==== Given information
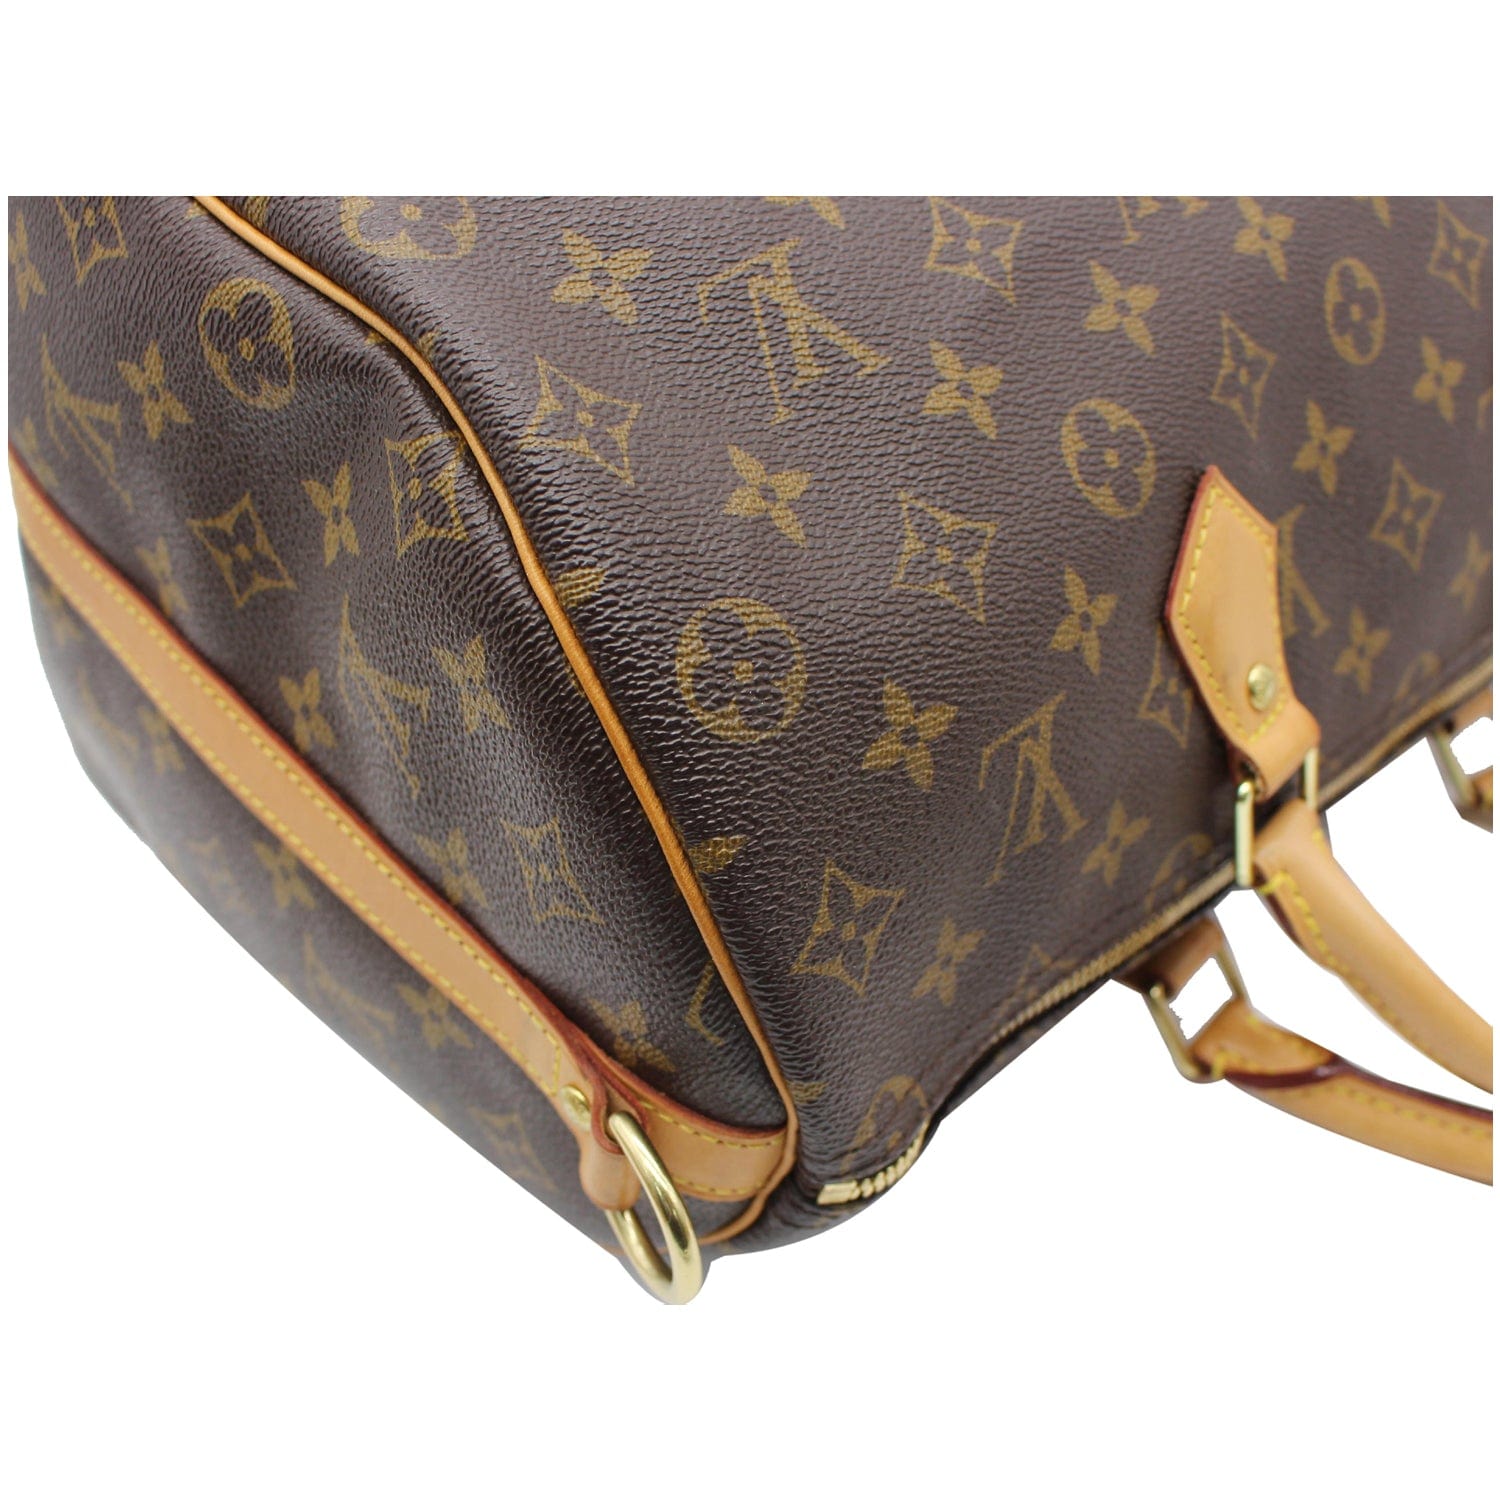 LOUIS VUITTON, Speedy 35, handbag, monogram pattern with cognac colored  leather details, lined with brown textile, one small compartment inside,  attached lock, marked with date code (France 2008). Vintage clothing &  Accessories 
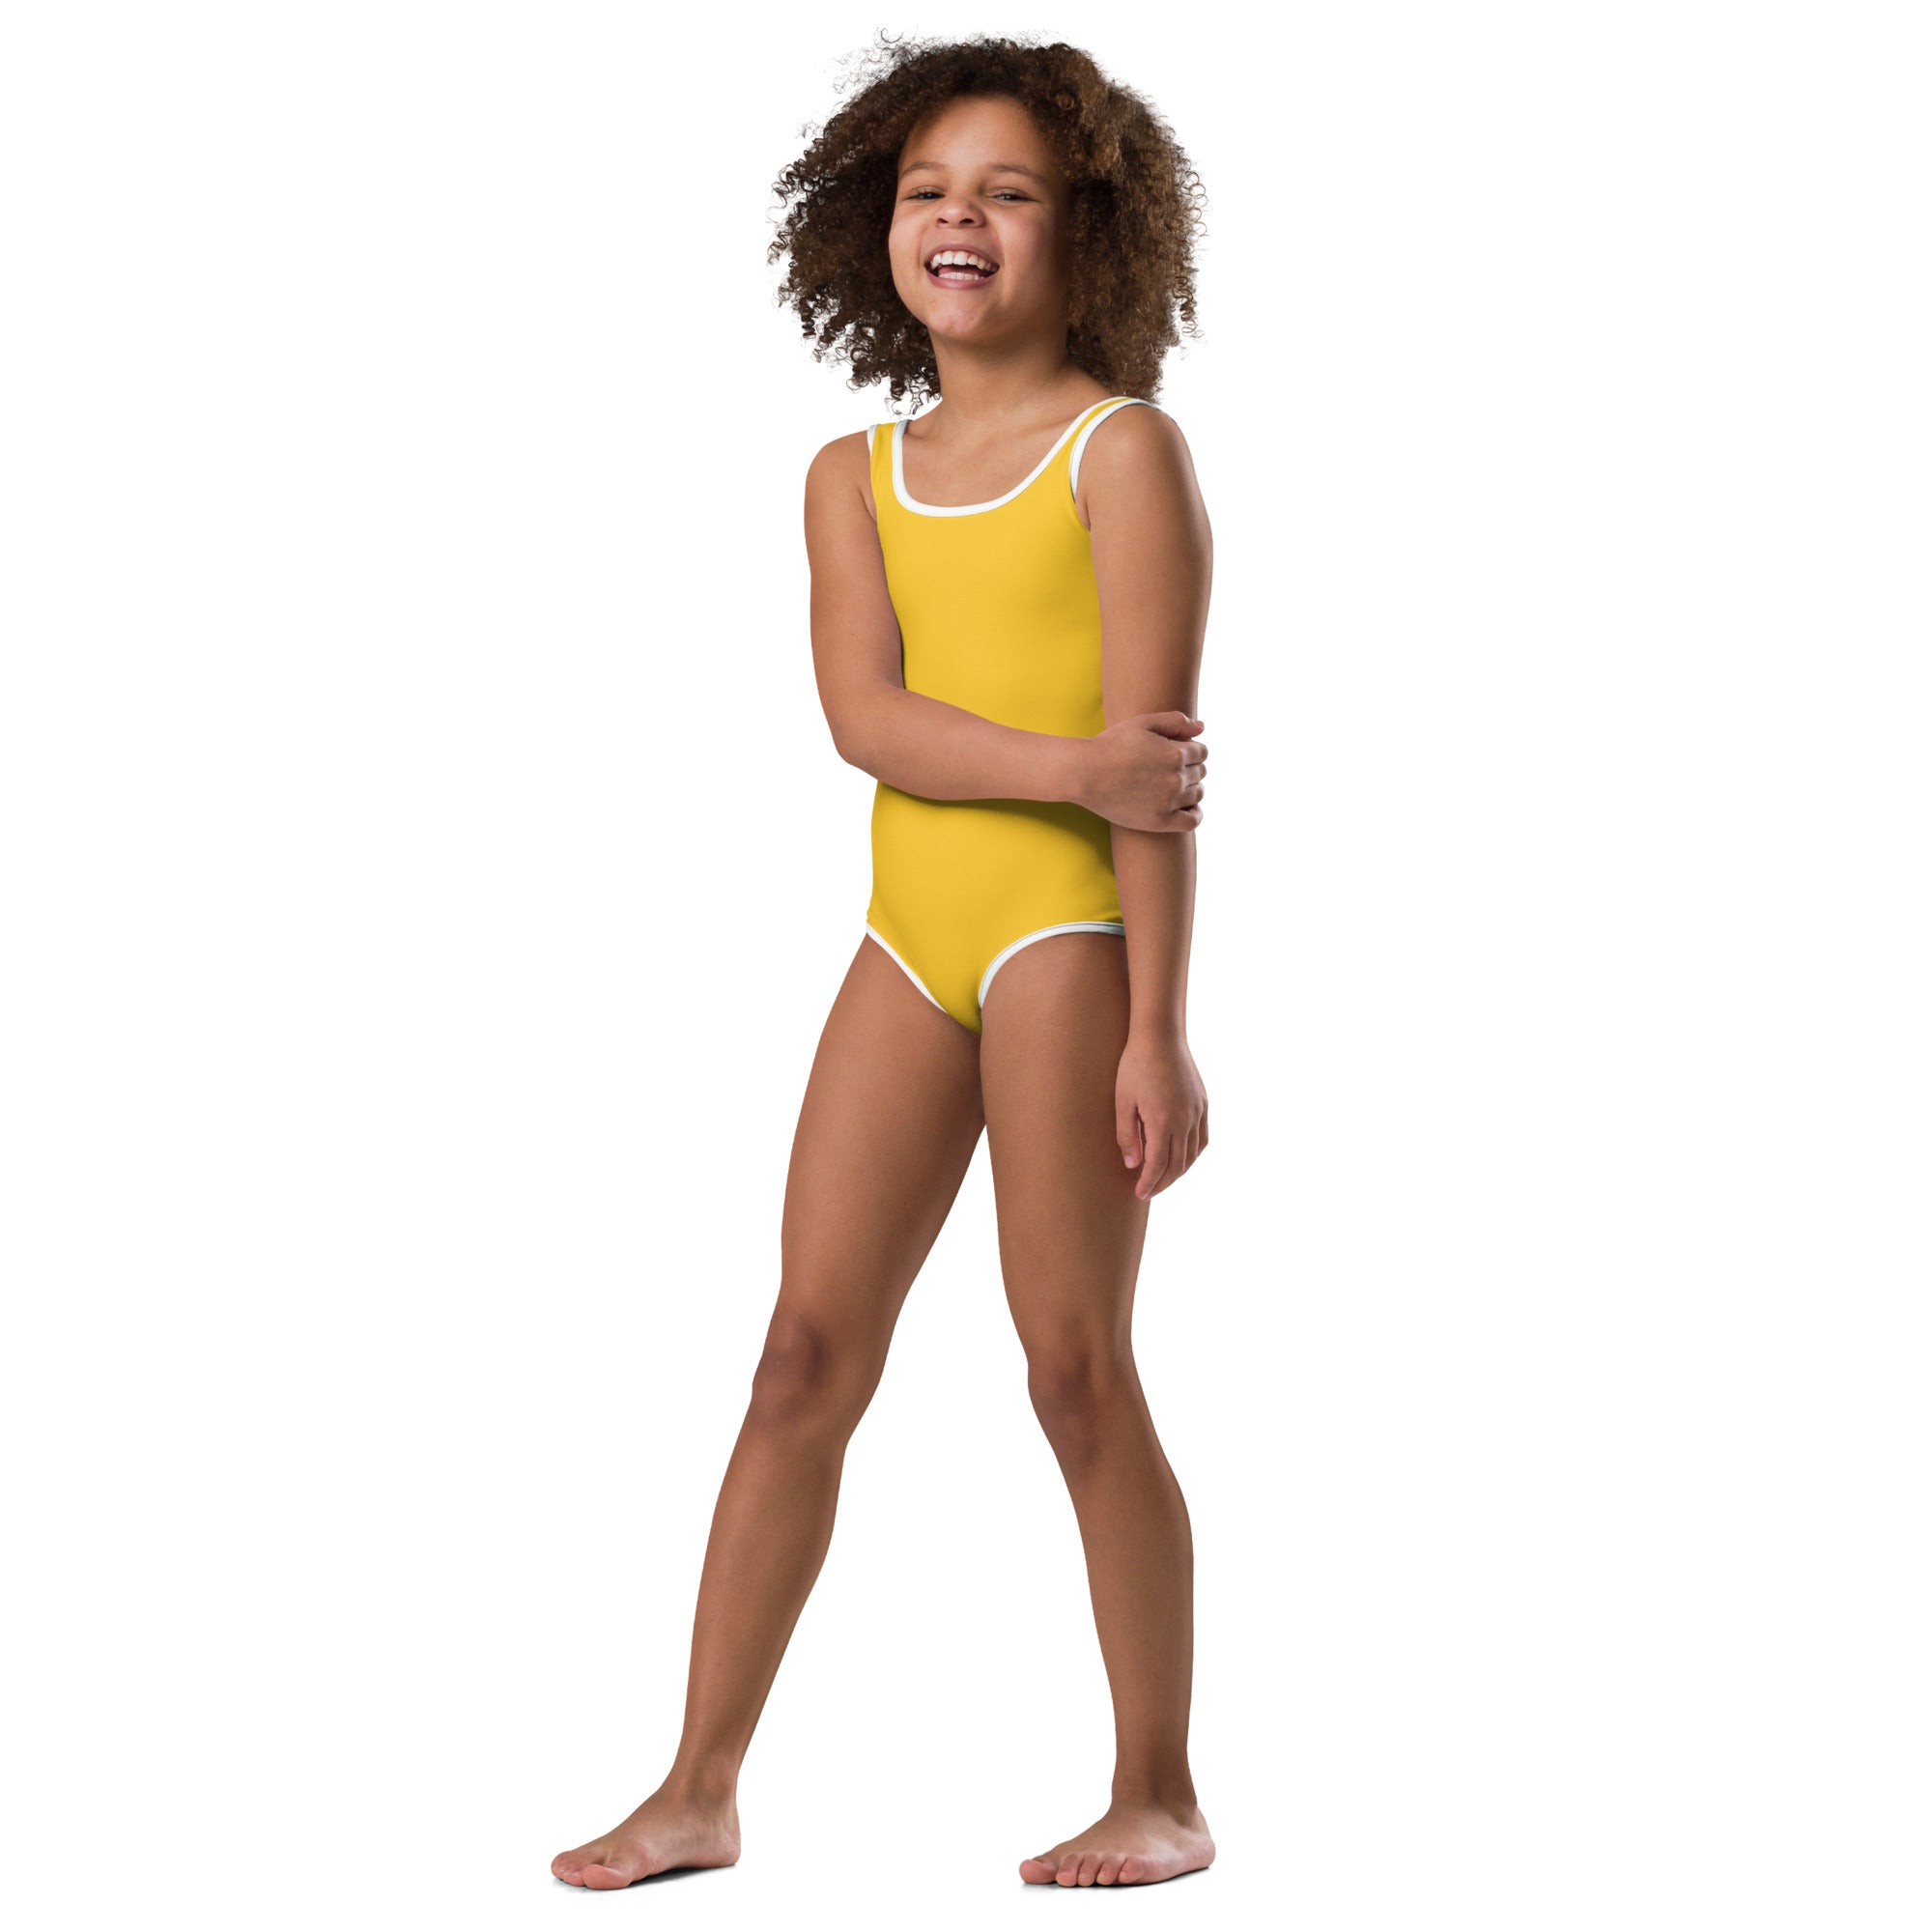 All-Over Print Kids Swimsuit- Yellow
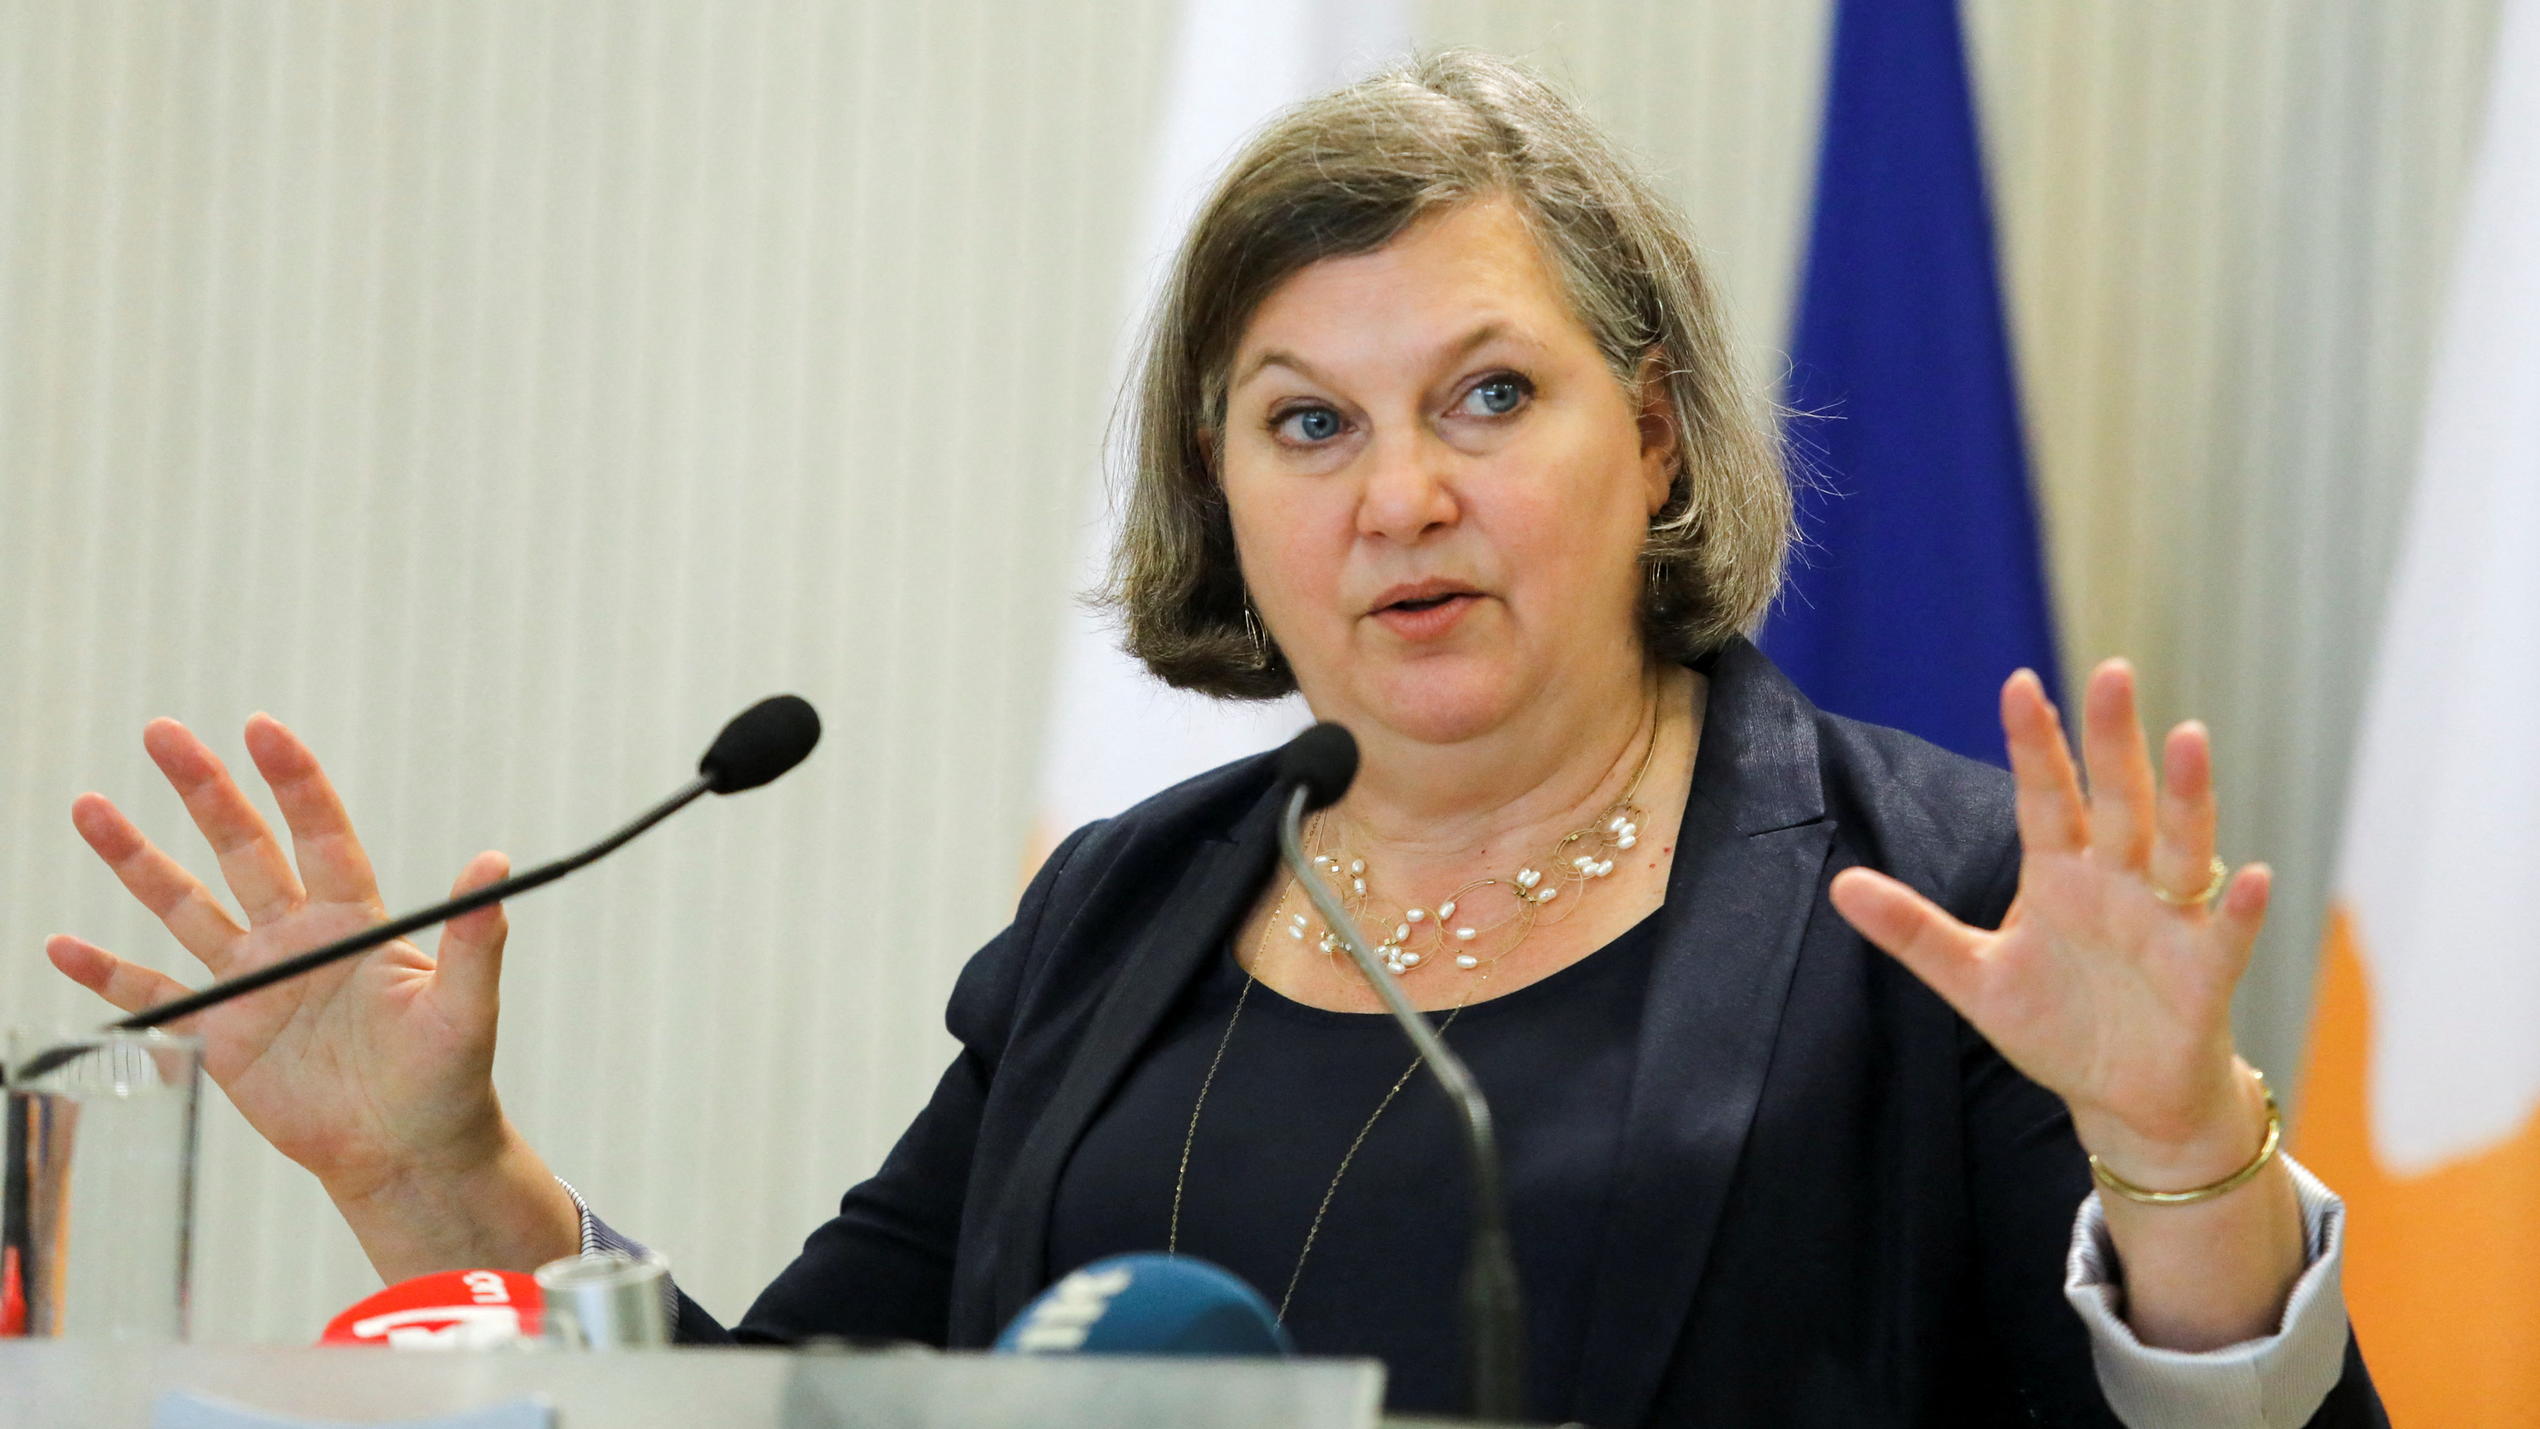 U.S. State Department Under Secretary for Public Affairs Victoria Nuland attends a news conference at the Presidential Palace in Nicosia, Cyprus, April 7, 2022. REUTERS/Yiannis Kourtoglou
========
Work to complete: With the pictures removed, write out exactly the lines from the line containing "All-Over Print Kids Swimsuit- Yellow" through the last line of the material above, both included.

Output for this exercise:
 All-Over Print Kids Swimsuit- Yellow
 U.S. State Department Under Secretary for Public Affairs Victoria Nuland attends a news conference at the Presidential Palace in Nicosia, Cyprus, April 7, 2022. REUTERS/Yiannis Kourtoglou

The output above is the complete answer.